Whistler pointed out that the definition of line breaking property in Section 2 does not match that in Section 4.  It was pointed out that the UTR should be based on Version 2.1 (with the Euro added to 4.15).  A discussion of currency symbols should be added.

Whistler said that numeric expressions and currency expressions shouldn't divide across lines, unless you have to do so. There should be a collection of currency symbols.  Davis said that equation breaking is interesting. Freytag replied that this is meant to be a default, to provide something simple.

Suignard said that the prefix vs. postfix is useful.  Davis said that “gluing” across spaces can sometimes lead you into trouble.  Sargent asked about hangul syllables.  Freytag said this is covered in 4.6, with a discussion of default vs. customized.

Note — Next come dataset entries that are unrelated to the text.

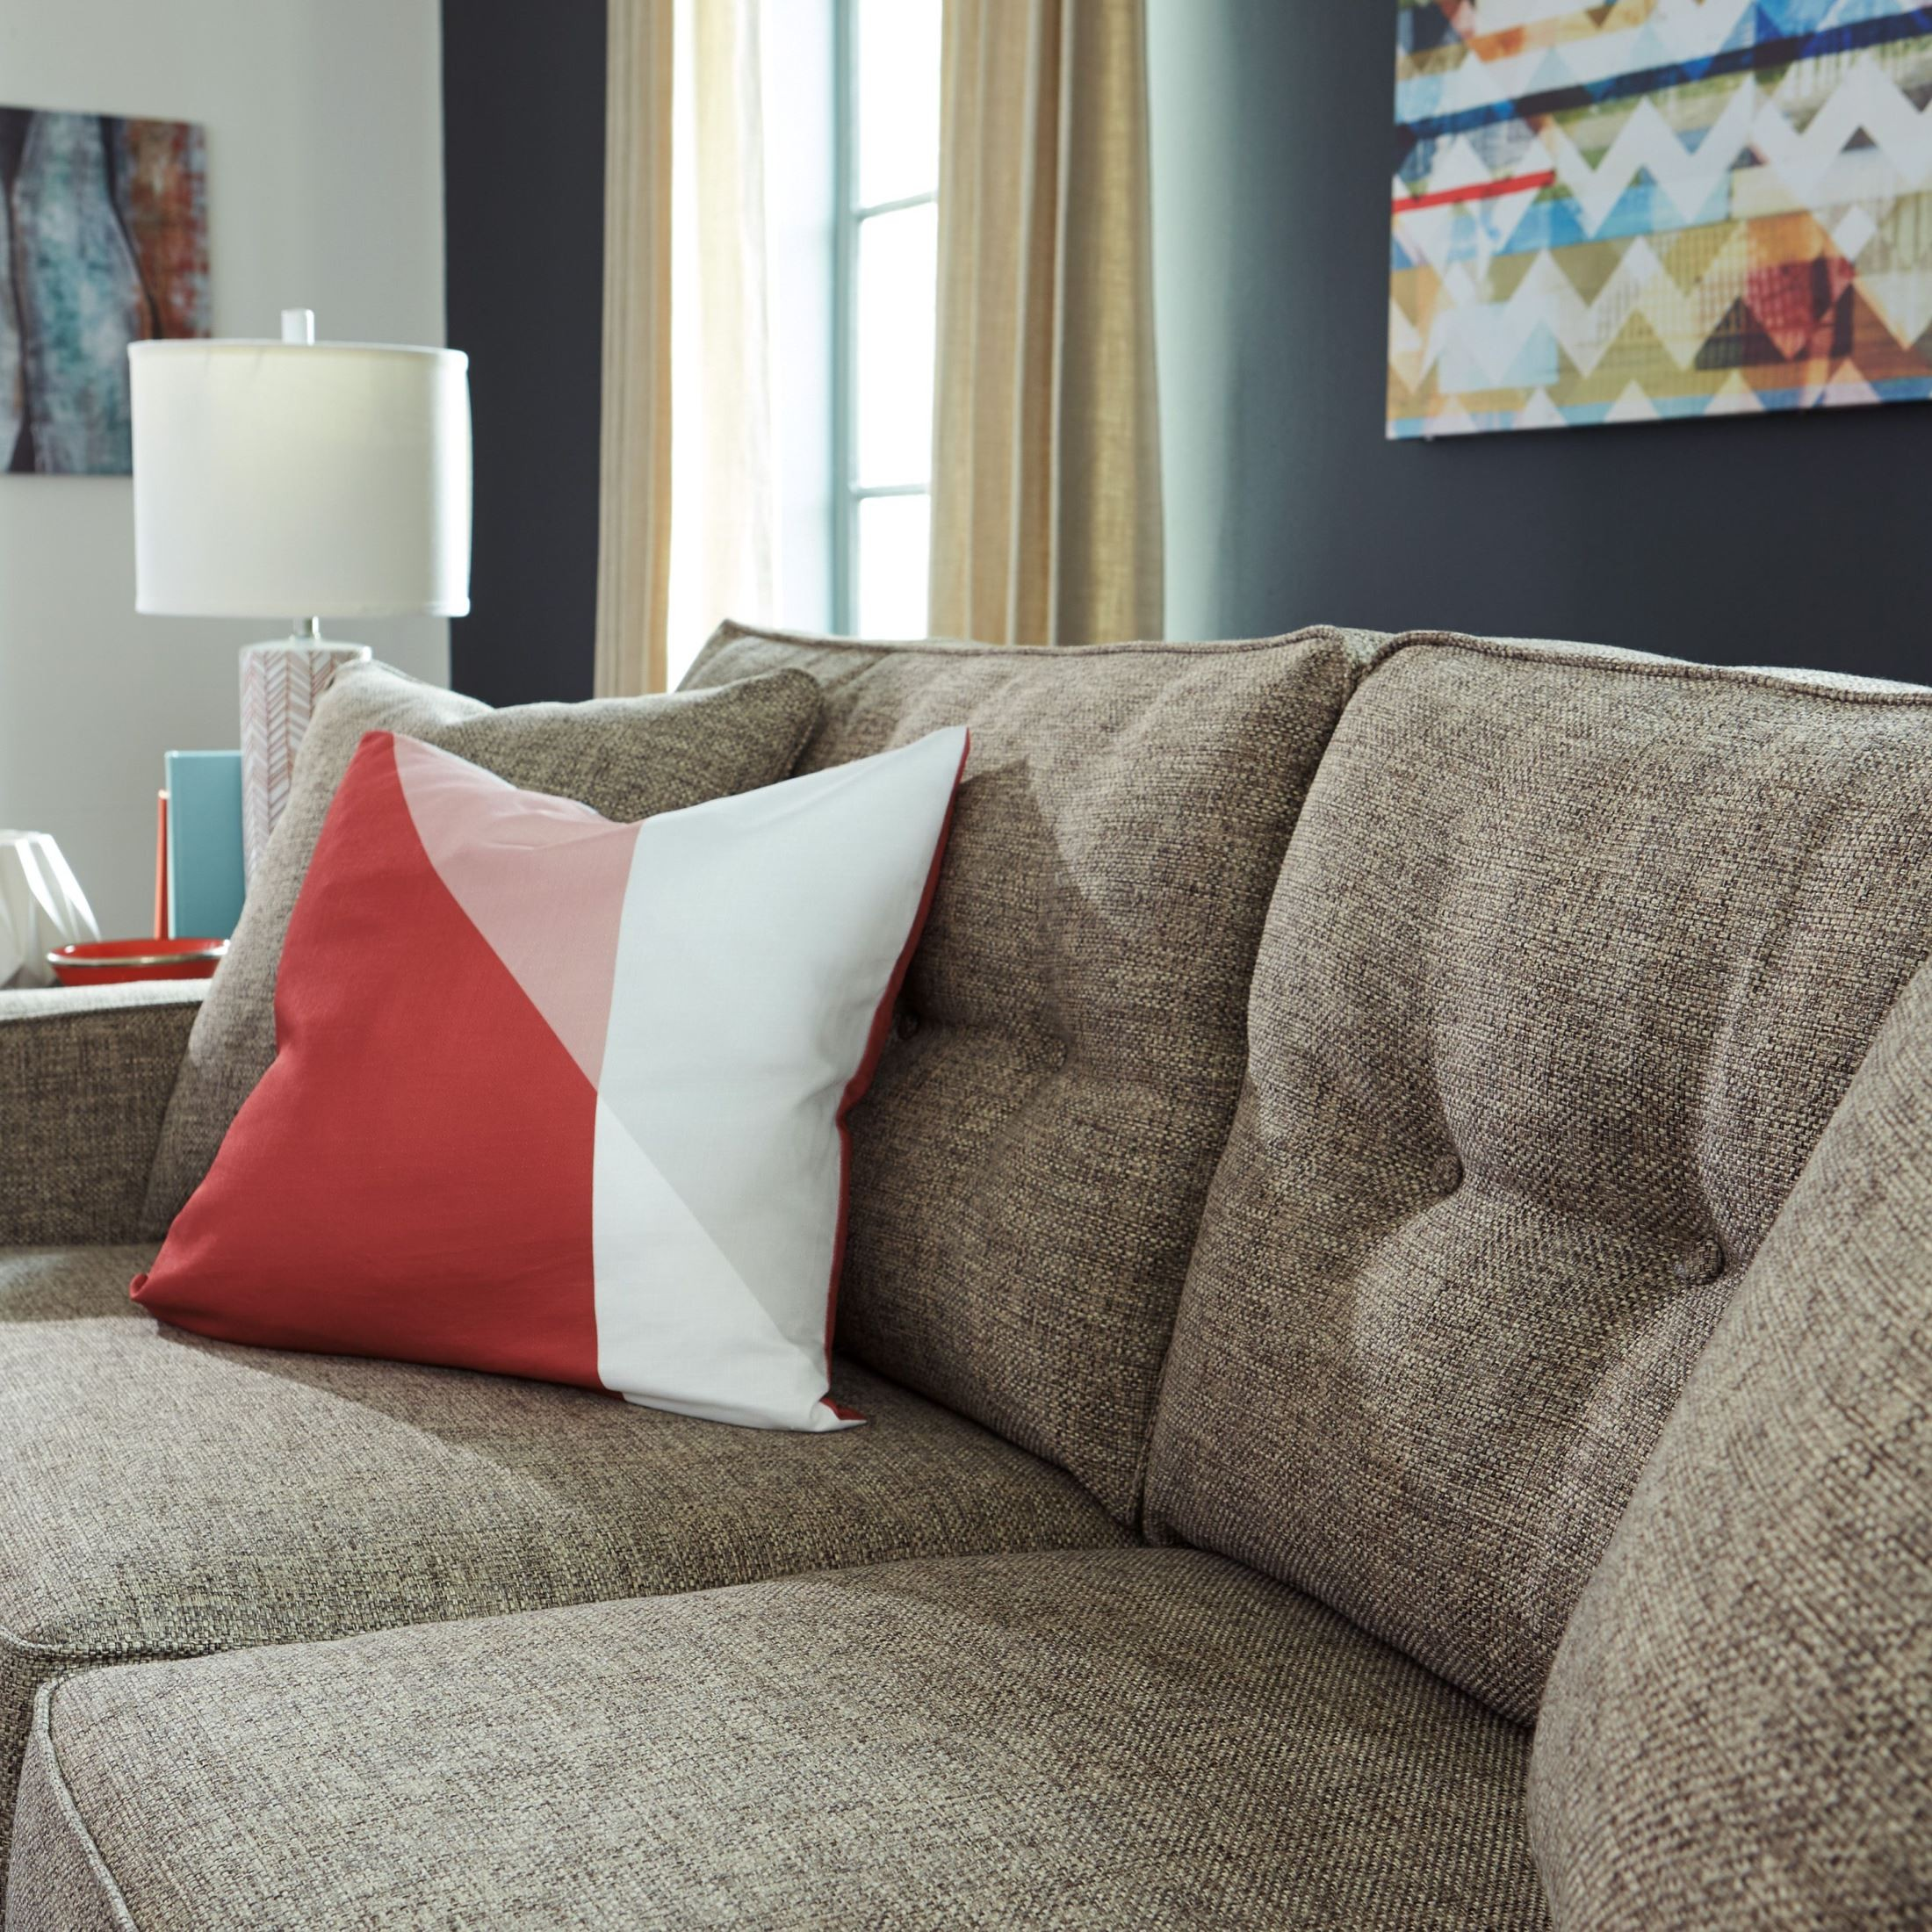 ashley sofa sale single seater corner dahra jute from   coleman furniture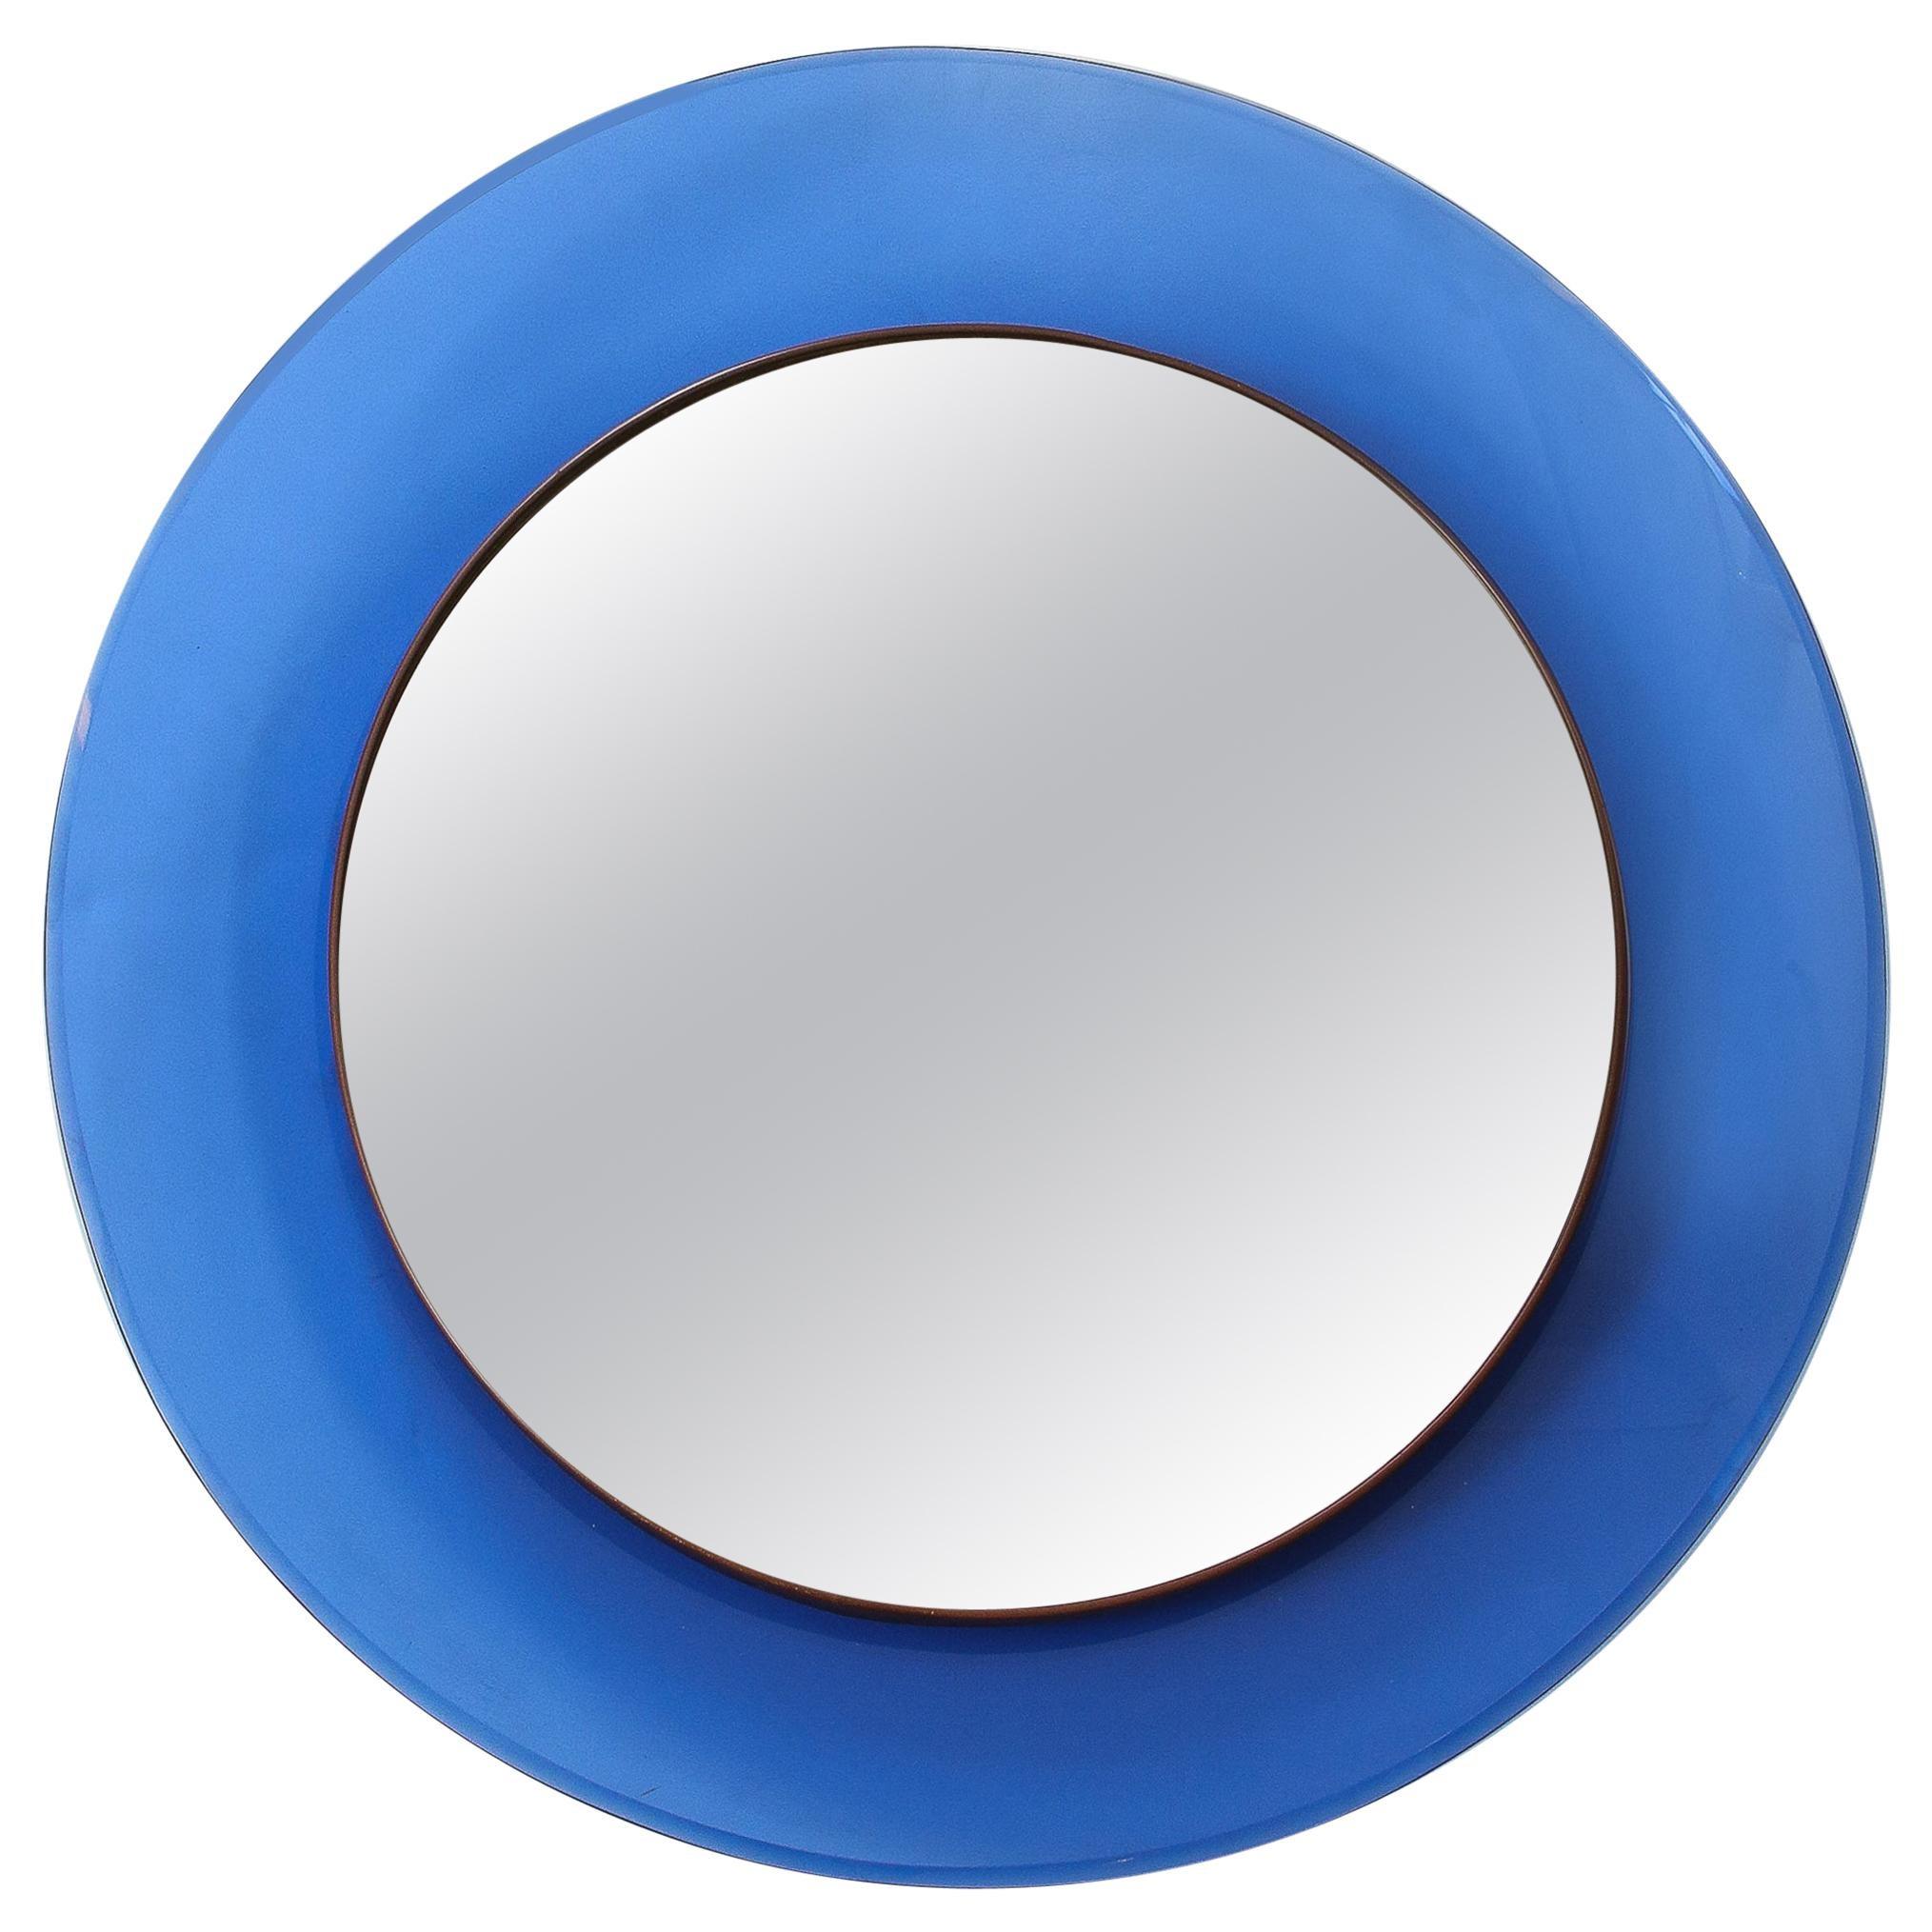 Max Ingrand for Fontana Arte Blue Mirror Model 1669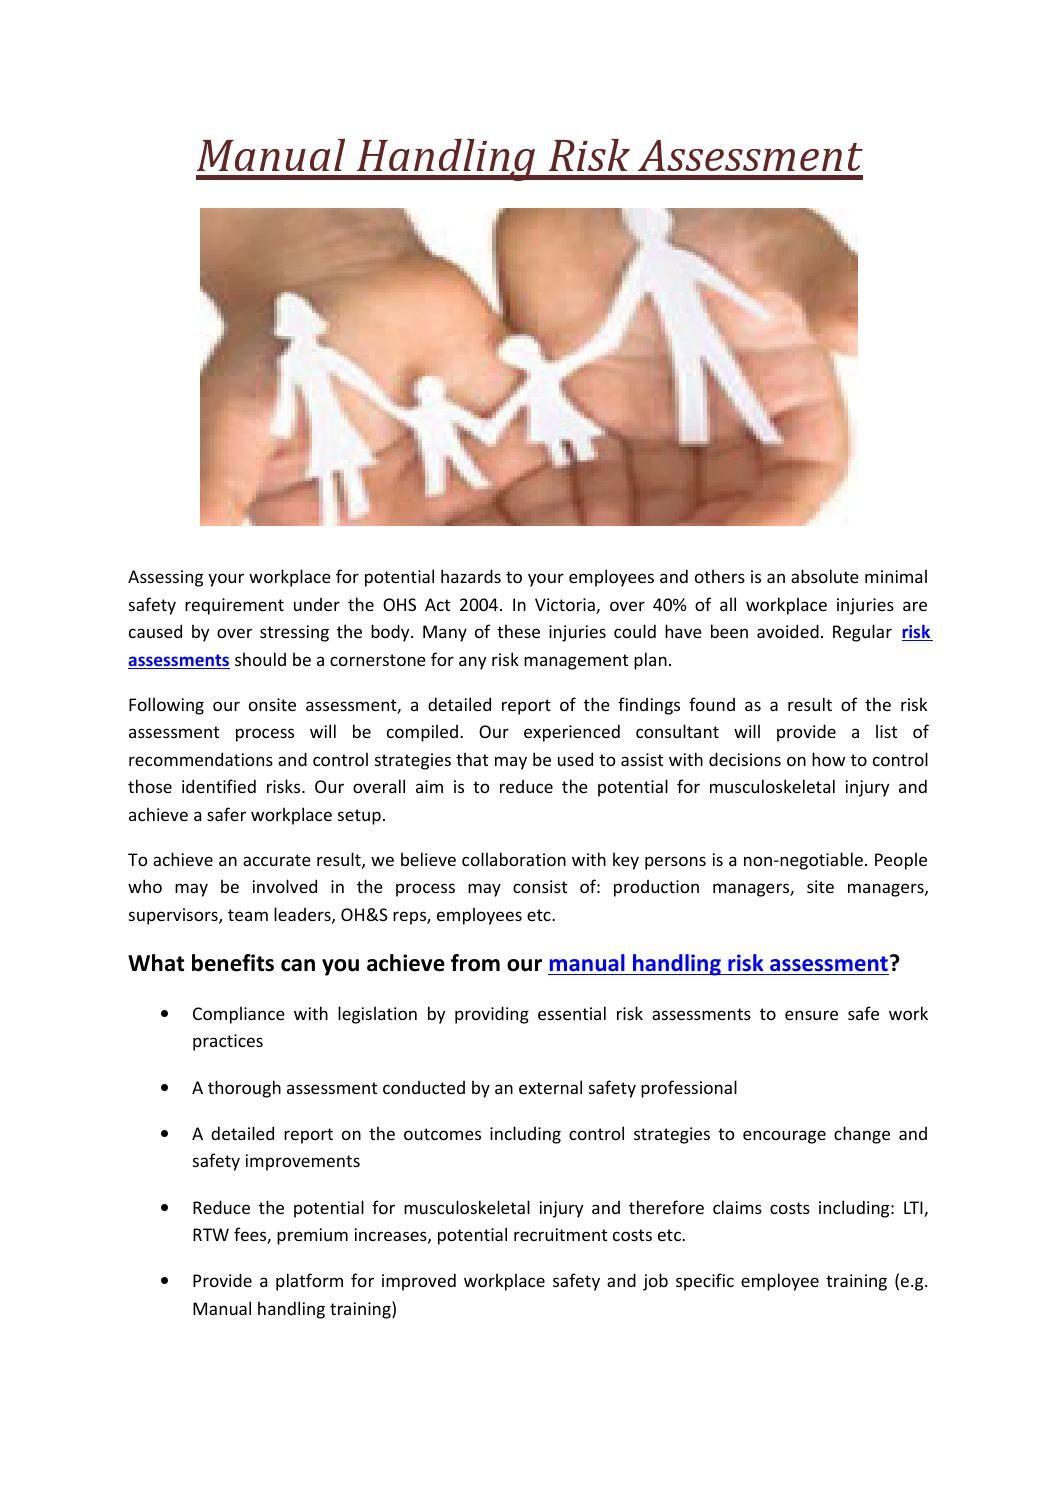 Manual Handling Risk Assessment Manual Handling

Whistler and Davis pointed out that, since the rules 4.1 – 4.3 are intended to be applied in order, the ordering of the clauses is critical for deriving an algorithm.  Whistler pointed out that a list is missing from 4.10, and is concerned that, in discussing the collection of categories, an unspecified model of breaking is being implemented.  If the model depends on whether something is a prefix or postfix, we need a model on how this operates.  Davis said there was a problem with the rule for NBS preceding rule for SPACE; that for char<space> <NBS><char>, the usual break position is between the space and NBS on "all word processors I know"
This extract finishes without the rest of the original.